Não é necessário ser um especialista para perceber que o volume de informações que as empresas têm sobre seus clientes (pessoas físicas e jurídicas) aumentou várias ordens de grandeza na última década e isto tem relação direta com o comércio eletrônico, e-banking, ensino a distância e outros.
Neste cenário surgiu um desafio para as empresas e os governos de como armazenar, controlar, atualizar e acessar esta informação de forma on-line, preservando a confidencialidade das informações sobre os clientes.
Tentaremos abordar este tema de forma simples e sem uso de termos técnicos específicos, mostrando os riscos que as empresas correm de não controlar adequadamente as informações de seus clientes e a legislação brasileira e europeia sobre isso.
Iniciamos introduzindo o que vem a ser a “General Data Protection Regulation”, conhecida como GDPR, que é a legislação europeia para o tema de proteção de dados.

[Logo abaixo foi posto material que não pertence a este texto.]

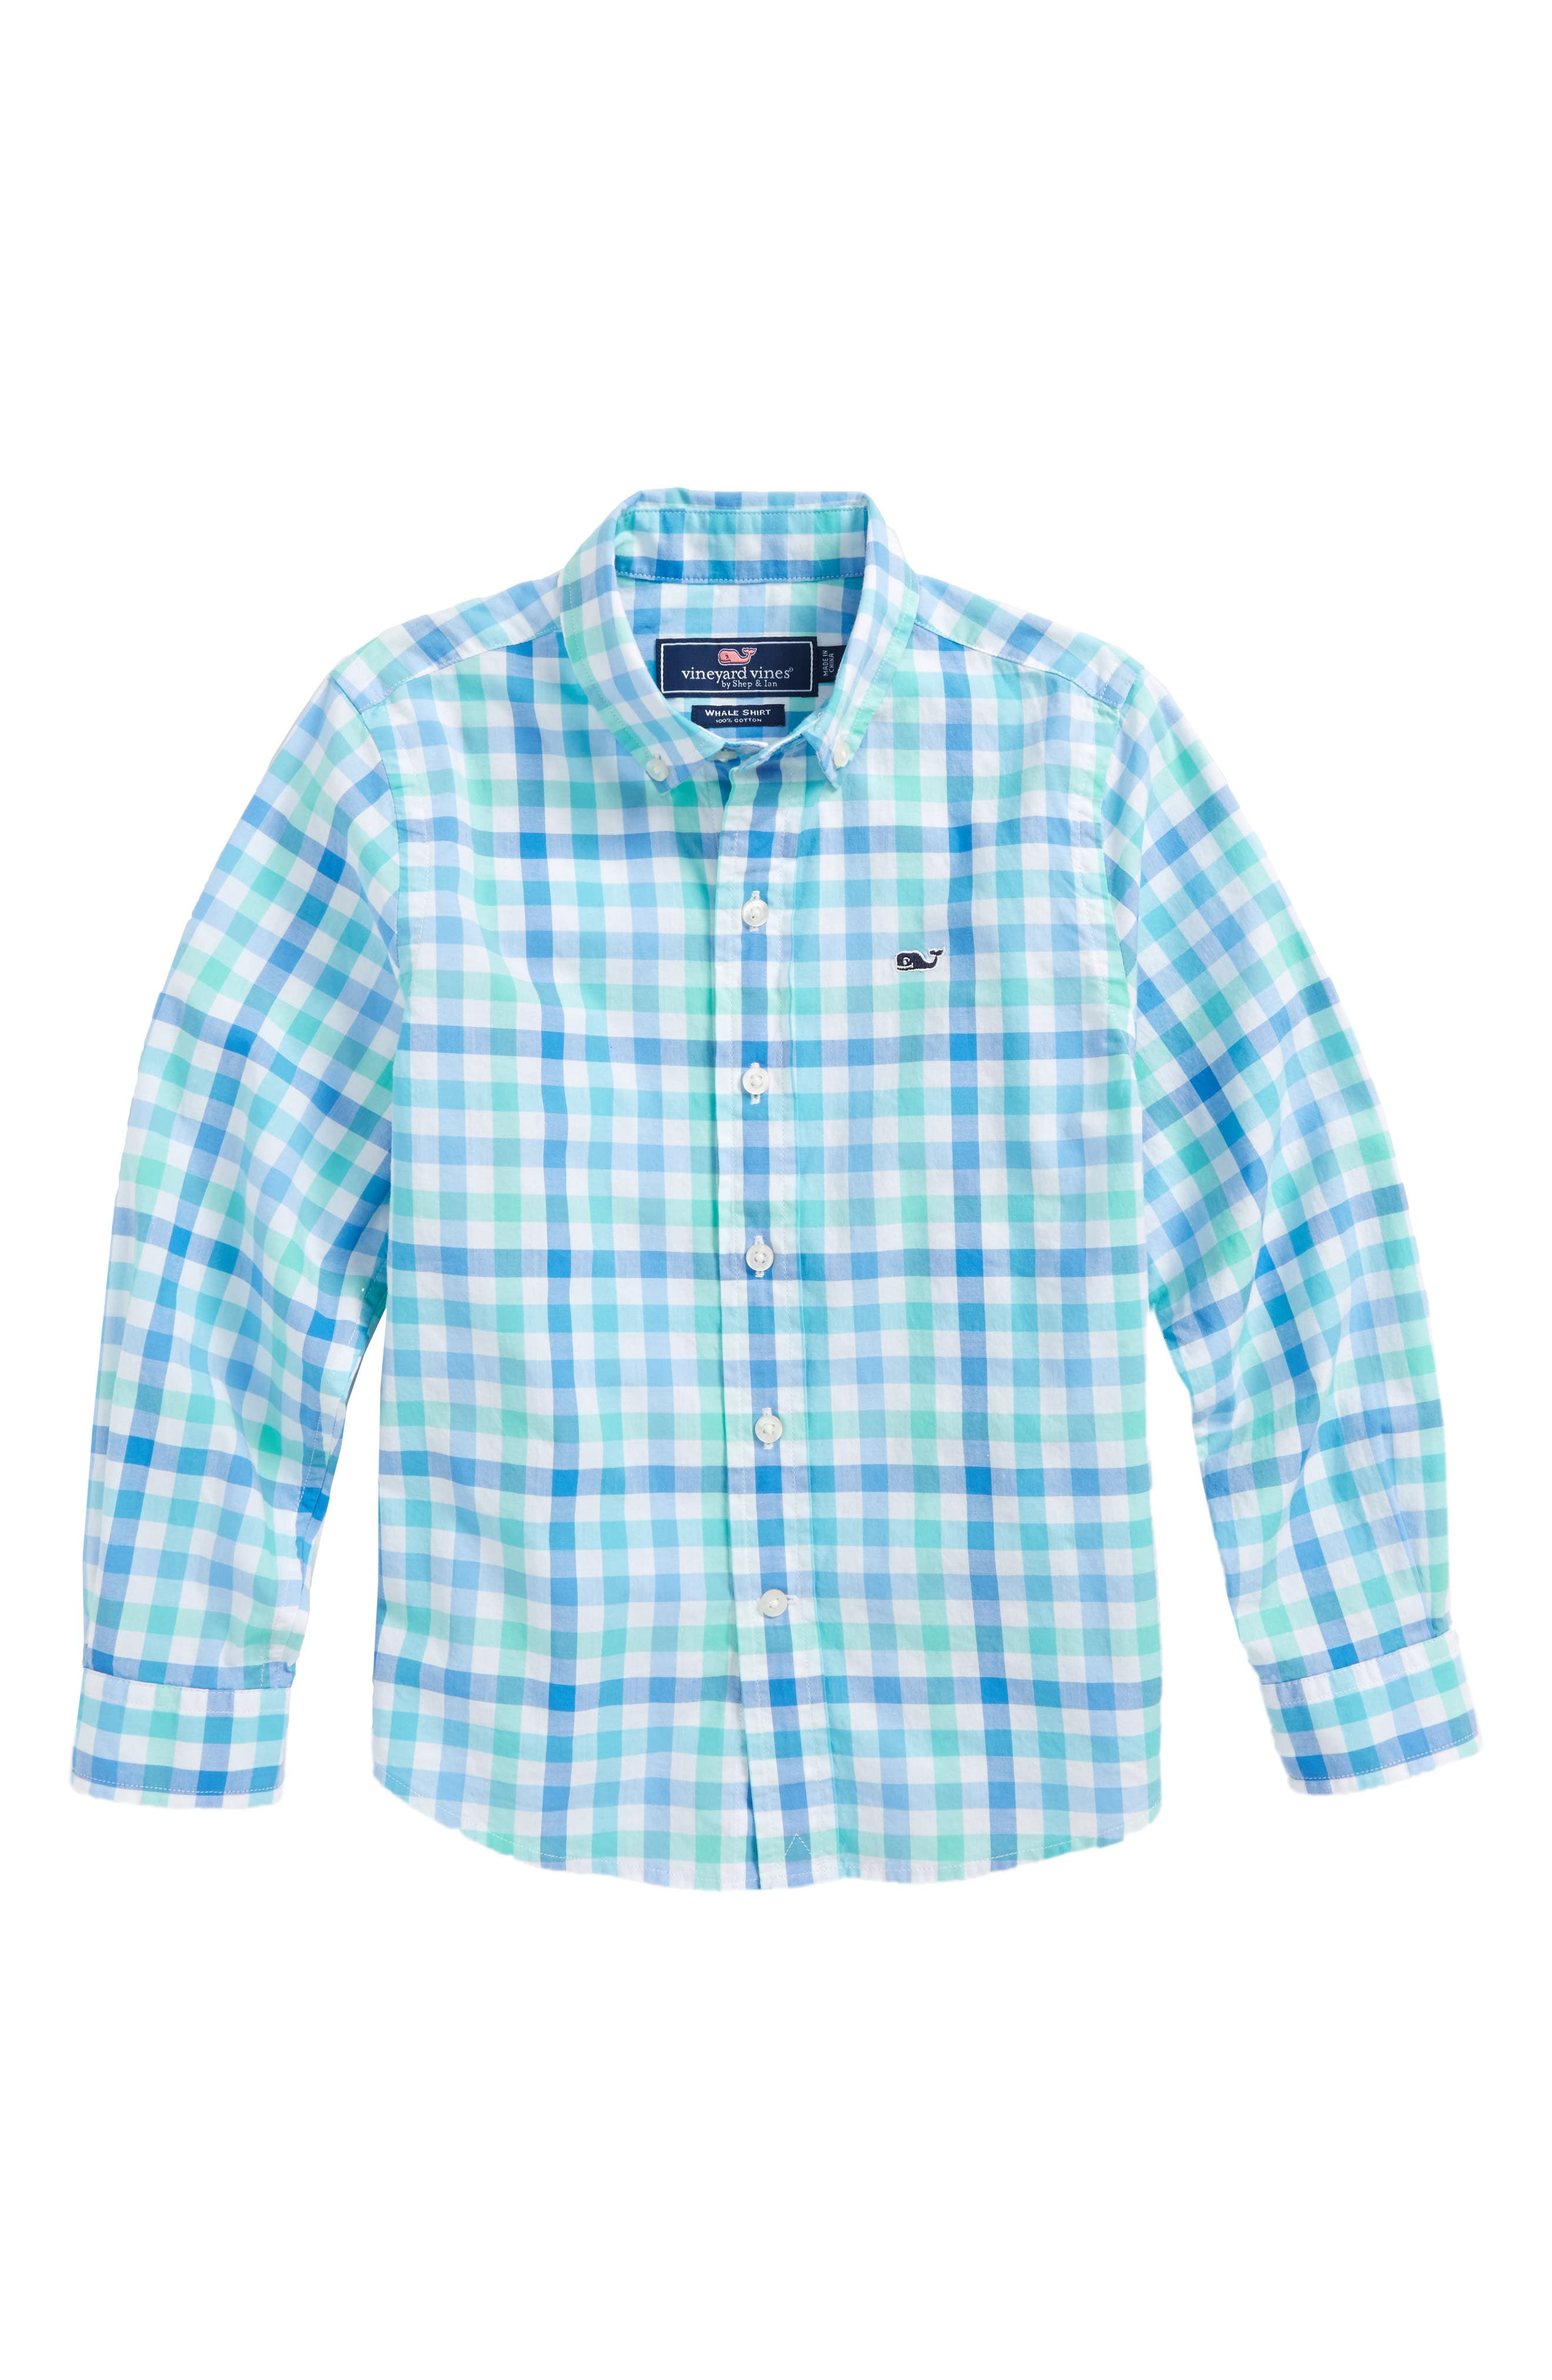 Eagle's Nest Gingham Dress Shirt,                             Main thumbnail 1, color,                             Turqs

O que é a GDPR e qual sua finalidade?
Antes de falar sobre a GDPR é necessário situar o contexto dos países da União Europeia (UE) sobre o tema de Proteção de Dados. Antes da GDPR, as empresas que atuavam nos vários países da Europa tinham que conhecer e estar em conformidade com a legislação de proteção de dados de cada país em que atuavam, gerando custos de consultoria e auditoria significativos.
Em 2016 foi publicada a primeira versão da GDPR e após alguns ajustes foi republicada uma nova versão em maio de 2018. Isto permitiu que uma única lei de proteção de dados fosse aplicada a todos os países que compõem a União Europeia, reduzindo drasticamente os custos das empresas com os procedimentos e políticas de proteção de dados que tinham no cenário pré- GDPR.

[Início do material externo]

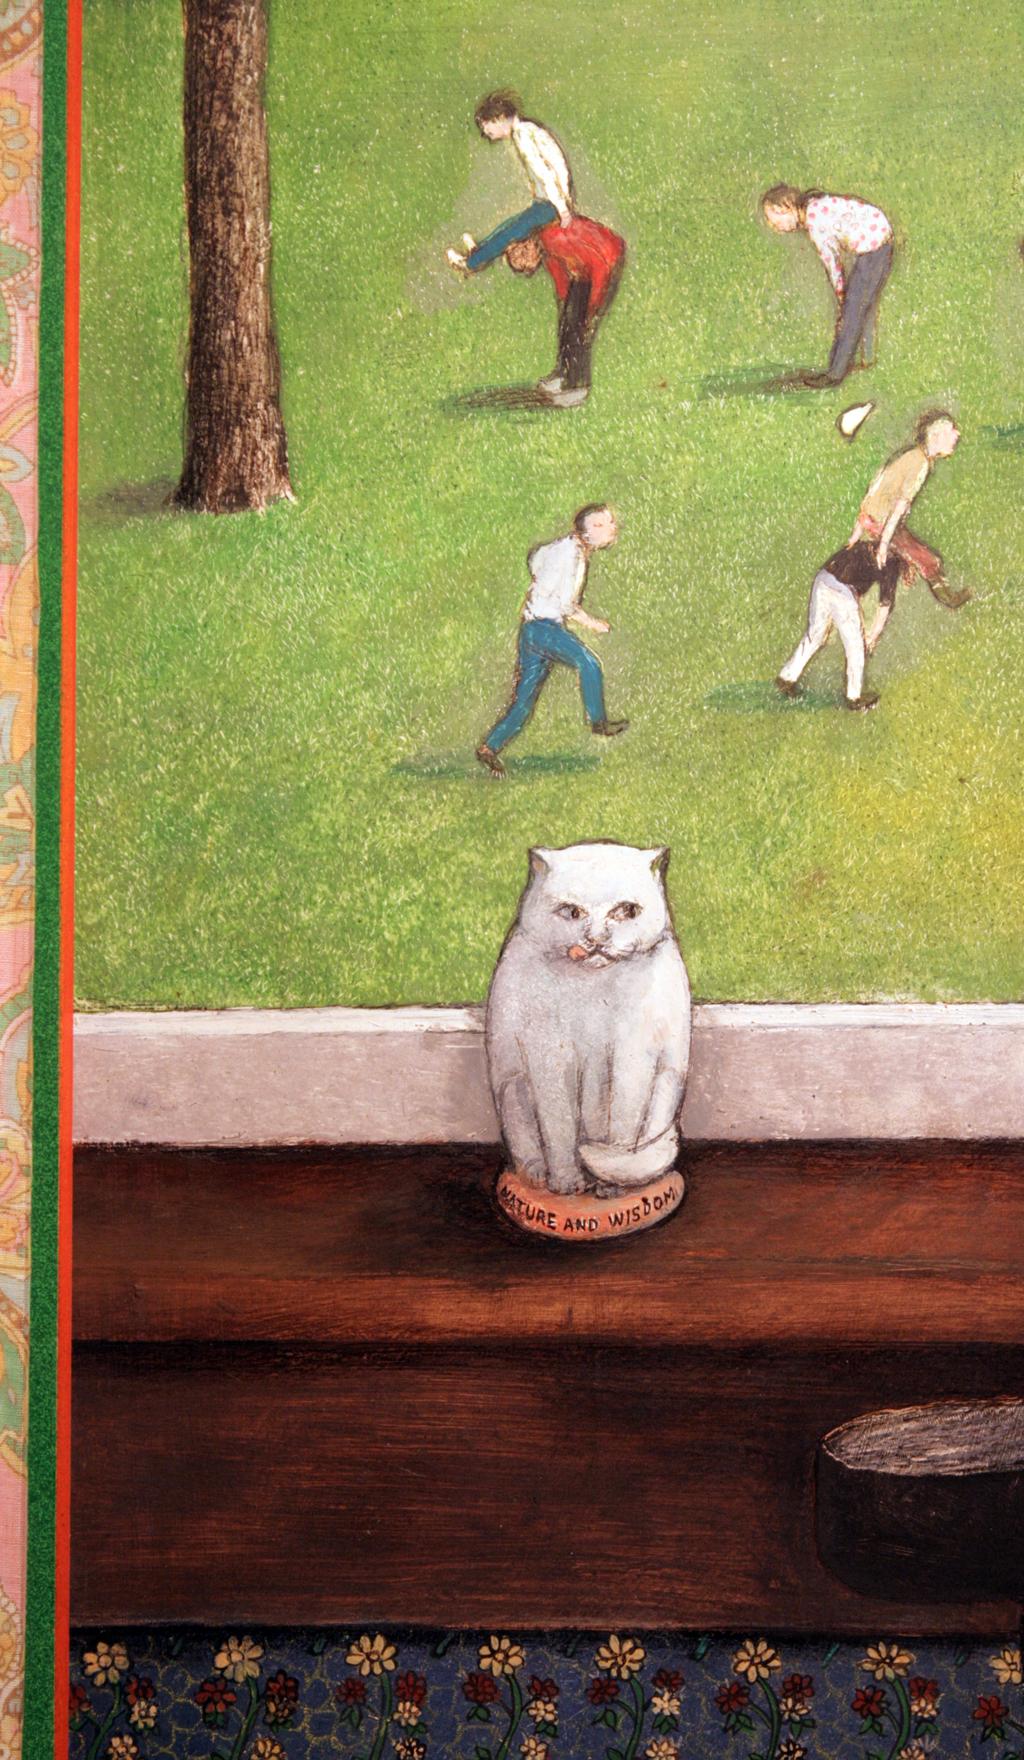 "William Kurelek, Untitled (Nature and Wisdom), c.1976, Acrylic on board, 24"" x 24"" (detail)"

Em uma pesquisa realizada pela Comissão Europeia com vários países que compõem a UE, foi feita a pergunta “Qual o nível de controle que você tem sobre a informação que você provê on-line, como por exemplo, sua competência para corrigir, mudar ou excluir esta informação?” As respostas foram classificadas em três categorias:
- Controle total sobre as informações: as respostas variaram entre 4% a 31% do total de empresas respondentes em cada país pesquisado. Demonstrando maturidade de proteção de dados muito distintas entre as empresas nos diversos países pesquisados.

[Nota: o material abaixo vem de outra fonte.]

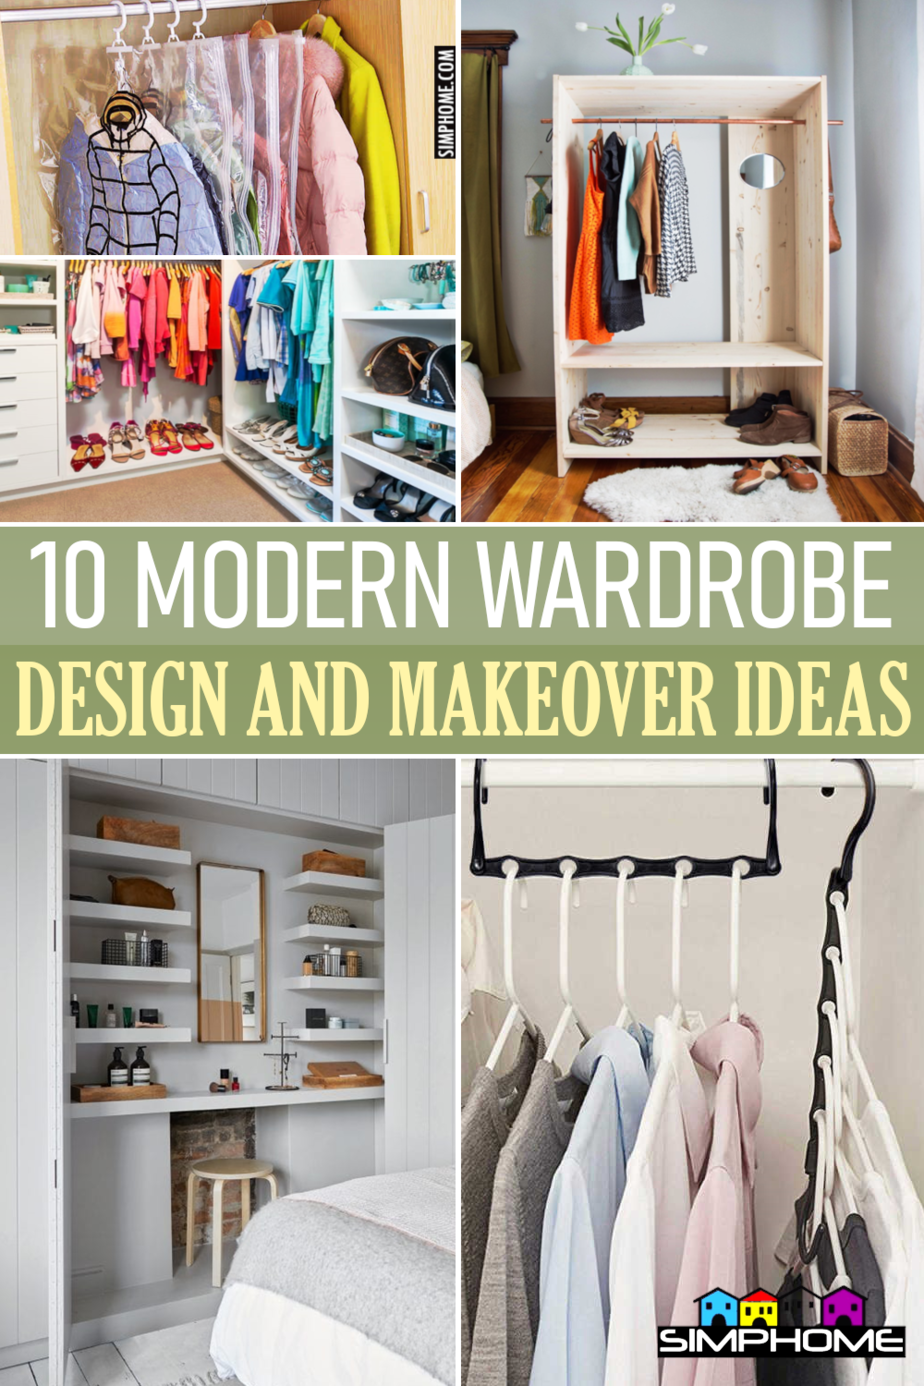 10 Modern Wardrobe Design and Makeover Ideas via Simphome.comFeatured

- Controle parcial sobre as informações: as respostas variaram entre 42% e 64% demonstrando aqui uma convergência maior das respostas das empresas entre os vários países pesquisados.
- Nenhum controle sobre as informações: as respostas variaram entre 16% e 45%, e novamente aqui se identificou situações muito peculiares entre os países pesquisados.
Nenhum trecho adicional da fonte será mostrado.